The controversial Mack industrial park earmarked for 9100 E. Bell Road will become a reality.
The Scottsdale Development Review Board approved during its Jan. 4 meeting
the aesthetics on the four warehouses by a 5-2 vote.
The 61.5-acre site is zoned industrial so the project will not go before the zoning commission or city council.
The project had been put on hold since the development review board’s Dec. 7 meeting because board members wanted the developer to work with city staff on shipping bay screening, bay door color, attempts to break up the look of the walls of the massive buildings and parapet heights, as well as the placing of some sidewalks and trees.

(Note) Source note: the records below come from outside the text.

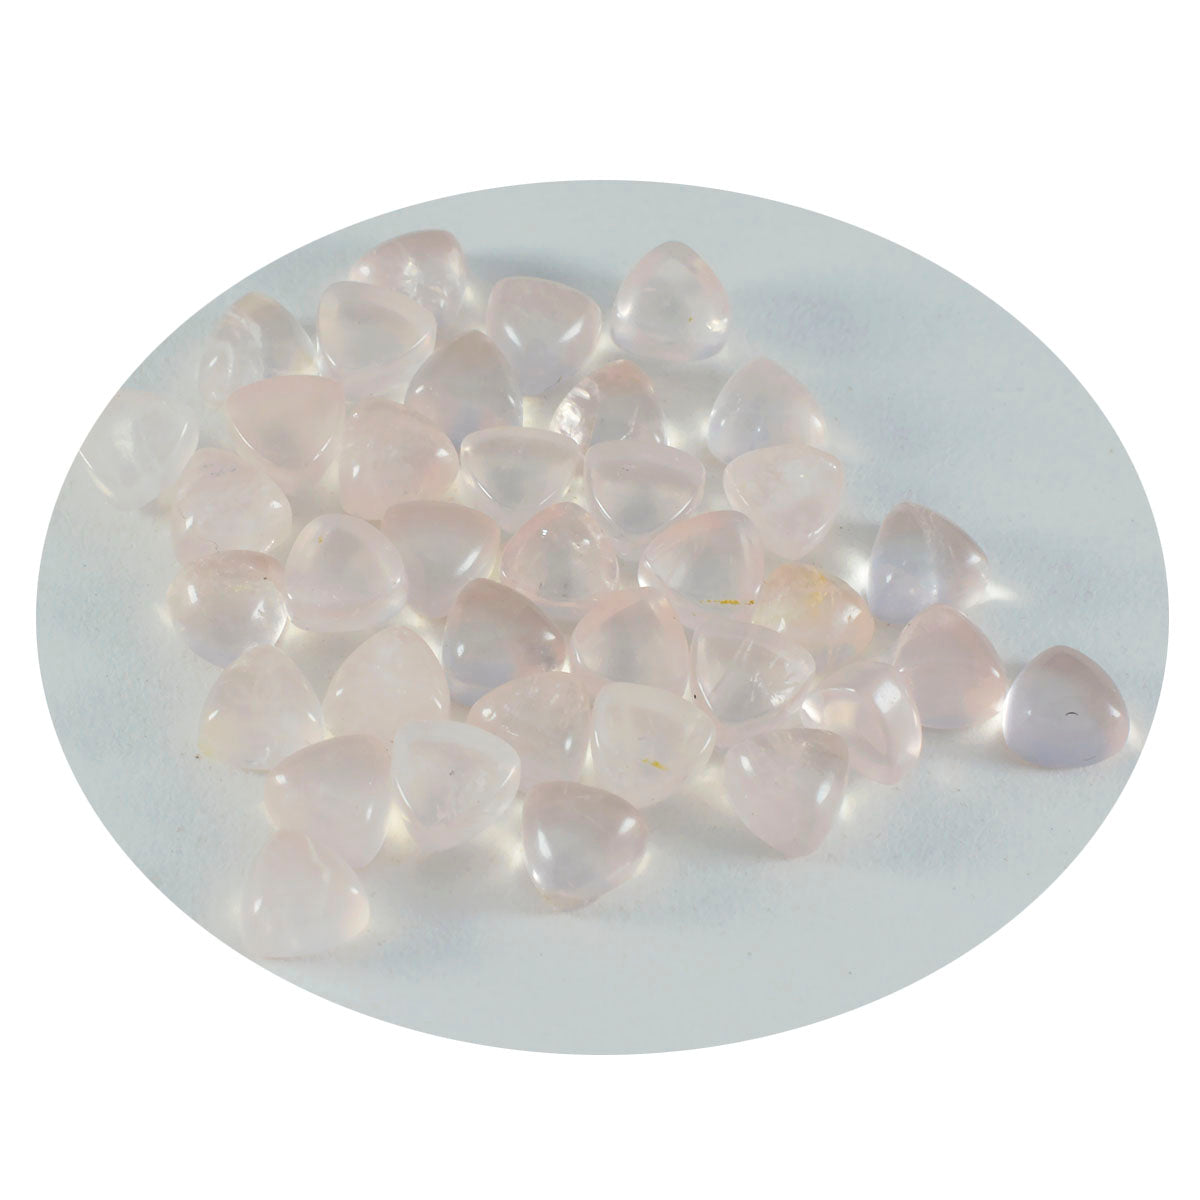 Riyogems 1pc cabochon de quartz rose rose 7x7mm forme trillion aa qualité pierre en vrac
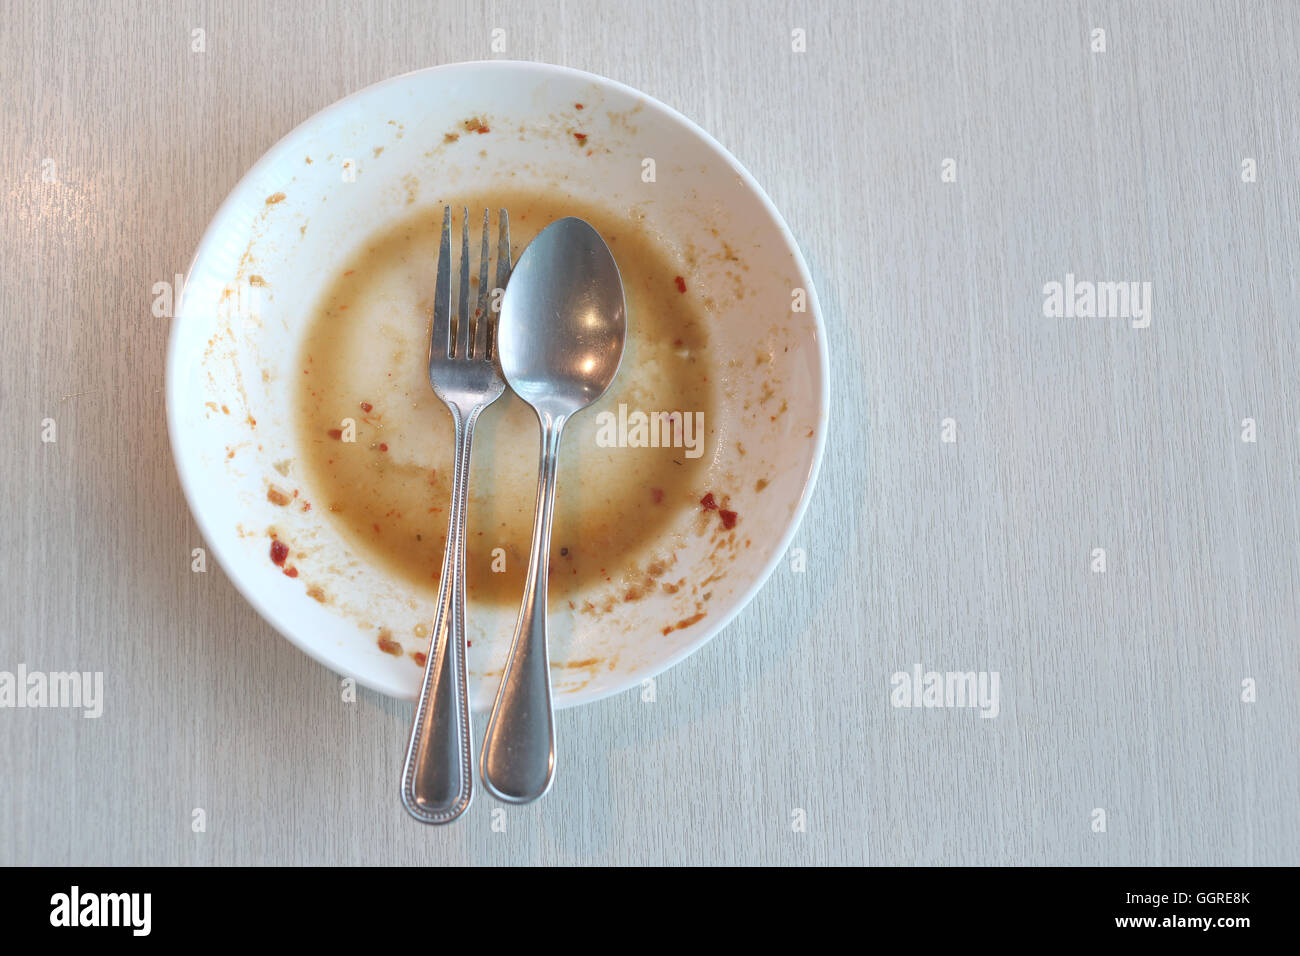 Piatto bianco sporco dopo aver messo un cibo e finito di mangiare sul tavolo del ristorante. Foto Stock
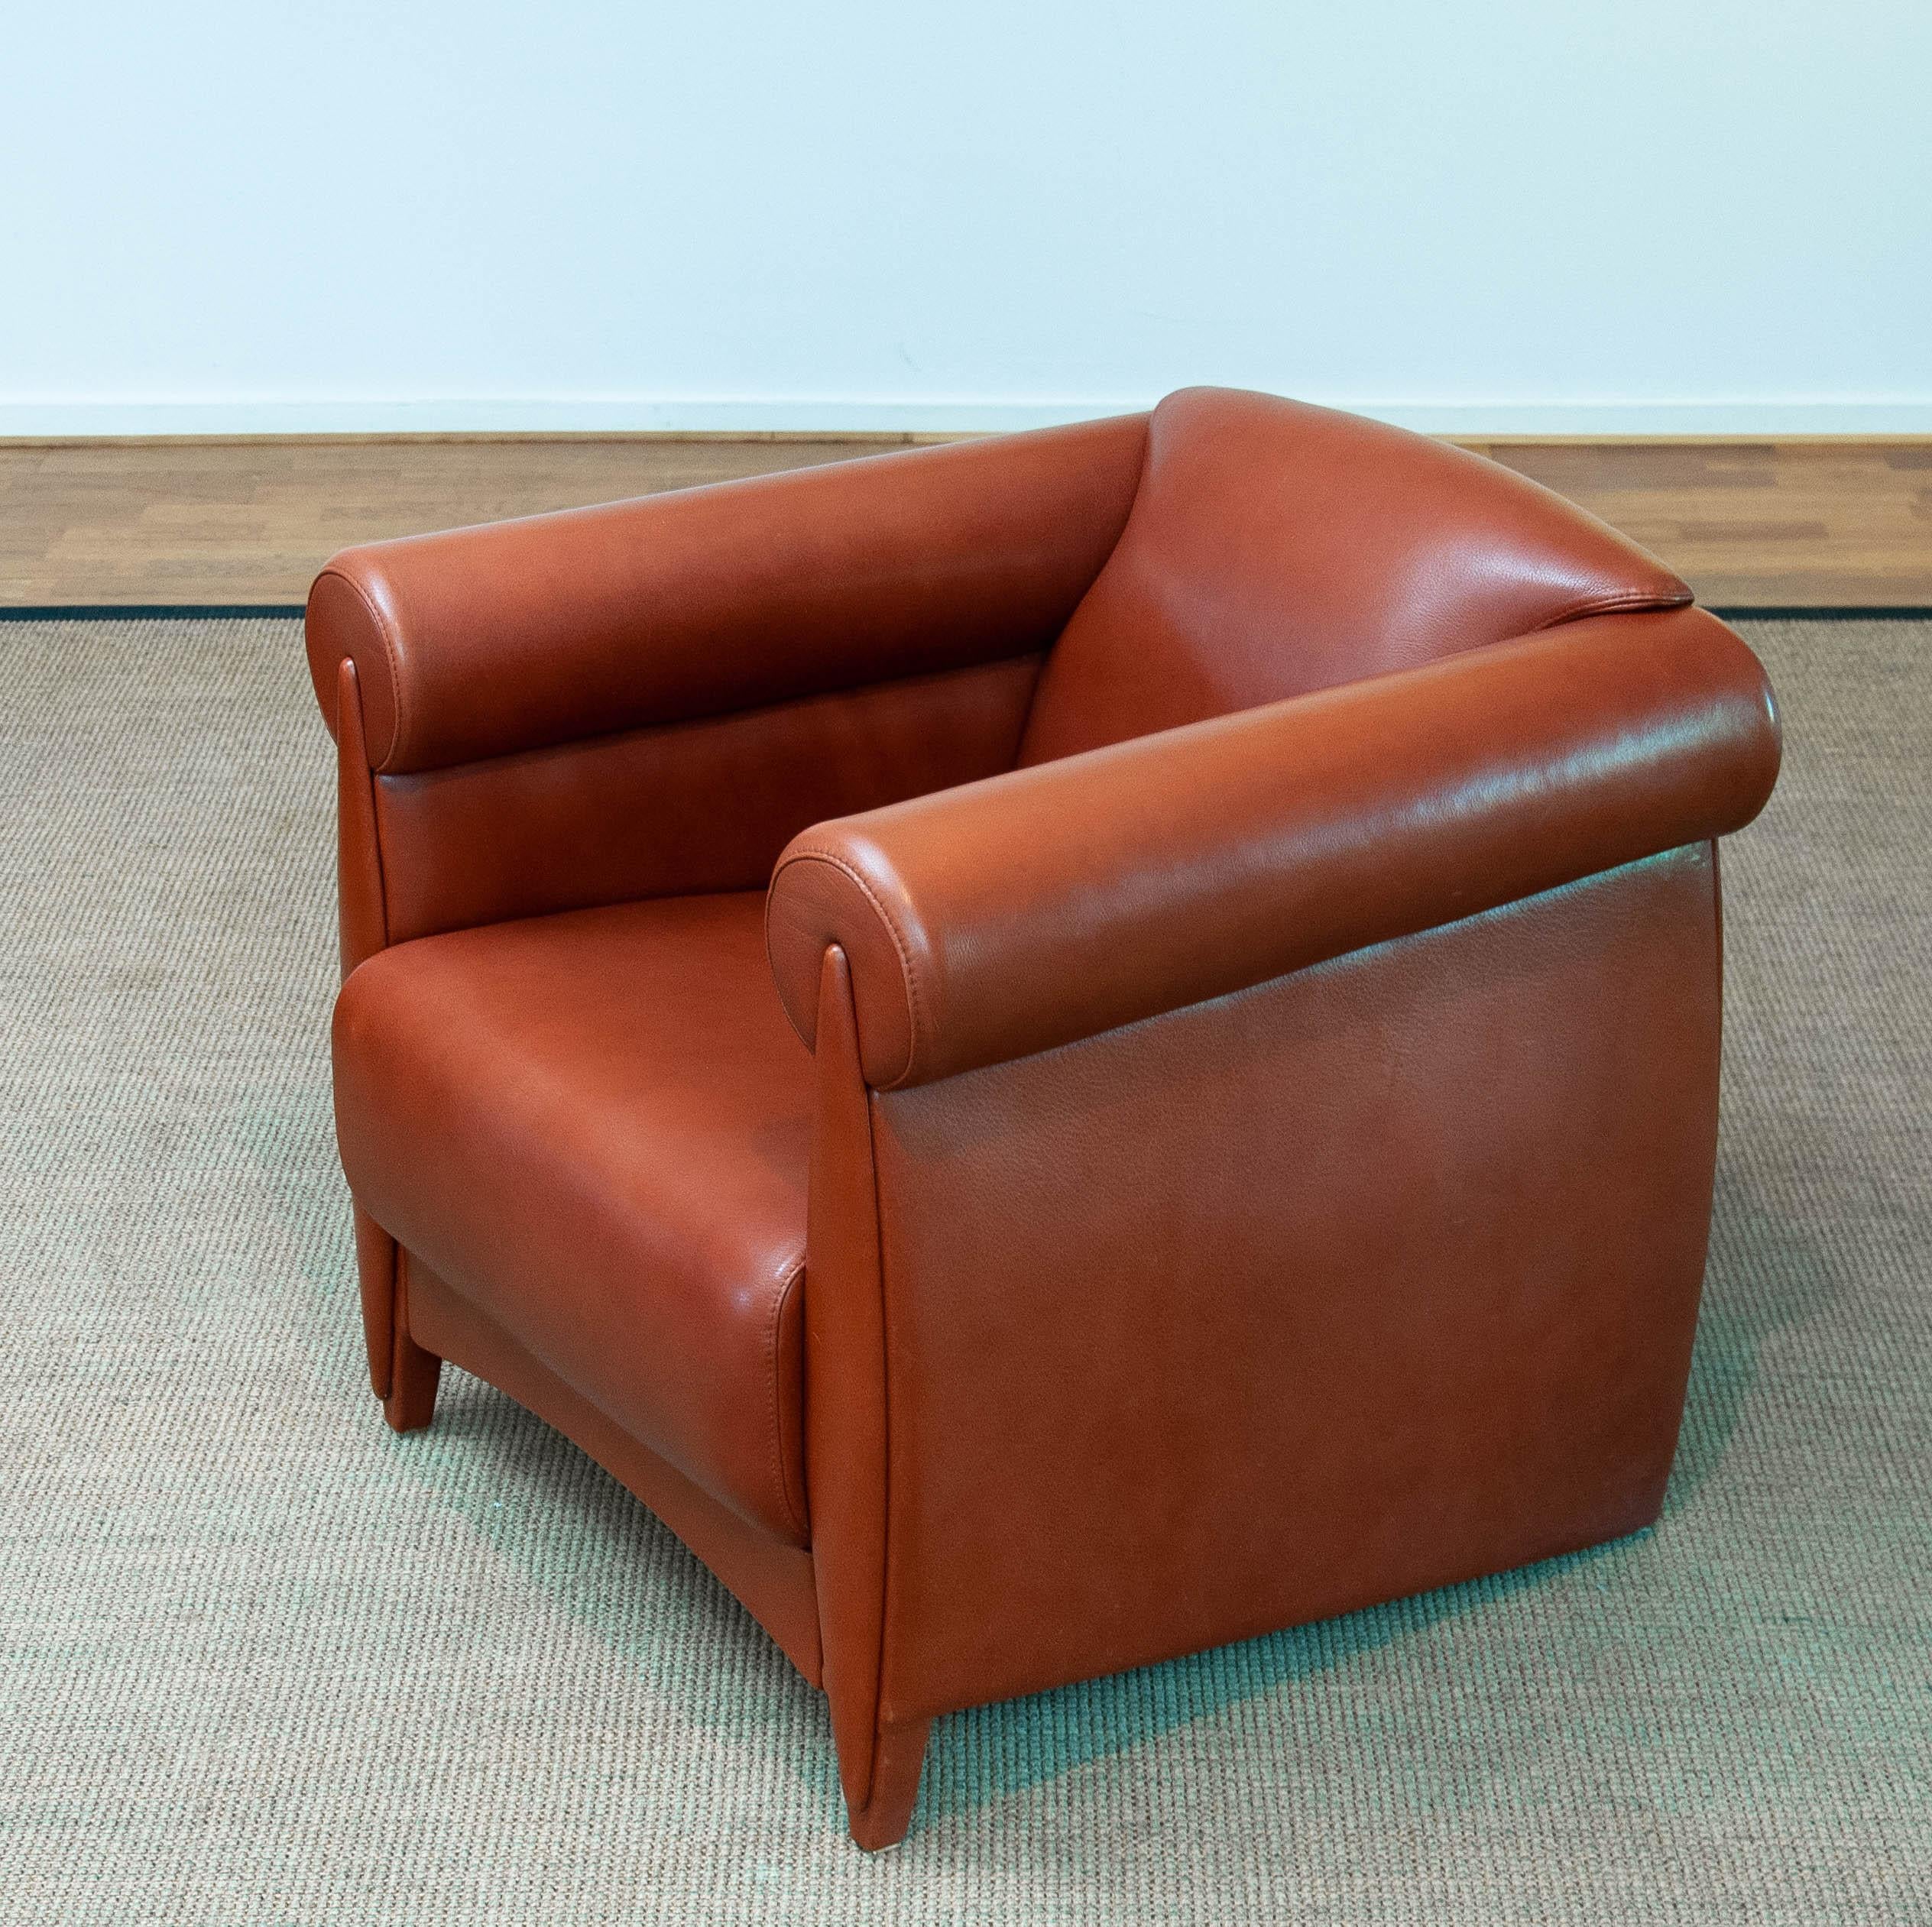 Sehr exklusive und seltene Loungesessel / Clubsessel des dänischen Designers Klaus Wettergren in limitierter Stückzahl und nur auf besonderen Wunsch durch selektive Bestellungen gebaut.
Dieser Stuhl wird in einem sehr hohen Standard gebaut und nur

Five of the board members felt Mack addressed those issues in the interim period between meetings.
“I do think the responses that were made (by Mack) addressed in a fairly minimal way the comments that were made (by board members during the Dec. 7 meeting),” board vice chair Jeff Brand said. “I don’t think they aggressively addressed them. Sometimes you make comments and you kind of hope someone runs with them and say, ‘Hey great idea, were going to do that. We’re definitely going to do that,’ rather than doing just barely enough to address the comments.”
City Councilmember Barry Graham, who currently chairs the board, and board member Michal Ann Joyner were the two votes against approving the looks of the project.
“I think if they had just broken up the massing of those buildings that would have made it more compatible for me to vote yes on it although I still just don’t think a trucking facility is a good entrance to north Scottsdale, where many of us live,” Joyner said.
Graham echoed similar sentiments.
Two members of the public spoke out against the project.
Chris Irish, the DC Ranch public affairs director, felt Mack has not meet the development review board’s requests and said the sheer scope of the project, which comprises 608,170 square feet of building area, will dwarf everything around it.
Irish also expressed concerns that the project is going to create a traffic problem in the area by adding as many as 350 trips from semi-tractor trailers, though she noted that was outside of the board’s authority.
Board member David Mason did not share her concerns about traffic.
“(Pima and the Loop 101) a very busy intersection anyhow and an addition of 300 trucks a day I don’t think is going to be that noticeable,” Mason said.